*EXERCISE DESCRIPTION:* From the entries below, gather every line containing the string "with".

Top of DATA RECORDS

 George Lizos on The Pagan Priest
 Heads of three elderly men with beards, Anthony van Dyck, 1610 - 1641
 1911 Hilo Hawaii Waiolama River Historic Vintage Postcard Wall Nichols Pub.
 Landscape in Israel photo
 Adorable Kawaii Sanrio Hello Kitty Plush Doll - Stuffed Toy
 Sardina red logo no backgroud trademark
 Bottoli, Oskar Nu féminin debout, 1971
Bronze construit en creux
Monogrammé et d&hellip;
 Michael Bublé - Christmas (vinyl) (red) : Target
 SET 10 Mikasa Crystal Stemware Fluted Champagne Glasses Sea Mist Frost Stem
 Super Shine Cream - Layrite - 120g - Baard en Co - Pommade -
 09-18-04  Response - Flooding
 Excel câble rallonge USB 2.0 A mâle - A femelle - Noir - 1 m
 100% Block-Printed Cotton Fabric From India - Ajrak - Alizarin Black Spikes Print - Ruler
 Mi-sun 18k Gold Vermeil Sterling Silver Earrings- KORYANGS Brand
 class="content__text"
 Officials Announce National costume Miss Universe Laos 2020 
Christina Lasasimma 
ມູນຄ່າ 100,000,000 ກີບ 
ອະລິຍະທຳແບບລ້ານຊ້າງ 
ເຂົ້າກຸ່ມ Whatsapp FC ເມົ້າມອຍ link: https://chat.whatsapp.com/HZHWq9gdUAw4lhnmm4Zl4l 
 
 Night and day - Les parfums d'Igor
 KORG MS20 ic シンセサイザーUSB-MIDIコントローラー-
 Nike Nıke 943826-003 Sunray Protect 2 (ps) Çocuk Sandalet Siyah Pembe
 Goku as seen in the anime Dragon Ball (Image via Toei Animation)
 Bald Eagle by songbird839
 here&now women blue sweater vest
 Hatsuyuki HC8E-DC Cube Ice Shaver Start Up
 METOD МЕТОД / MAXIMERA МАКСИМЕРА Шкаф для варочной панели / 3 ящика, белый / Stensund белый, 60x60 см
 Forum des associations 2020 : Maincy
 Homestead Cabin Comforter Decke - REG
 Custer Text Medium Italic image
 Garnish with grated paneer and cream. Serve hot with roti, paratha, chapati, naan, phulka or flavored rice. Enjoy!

Bottom of DATA RECORDS

*SOLUTION FOR THIS TASK:*
 Heads of three elderly men with beards, Anthony van Dyck, 1610 - 1641
 Garnish with grated paneer and cream. Serve hot with roti, paratha, chapati, naan, phulka or flavored rice. Enjoy!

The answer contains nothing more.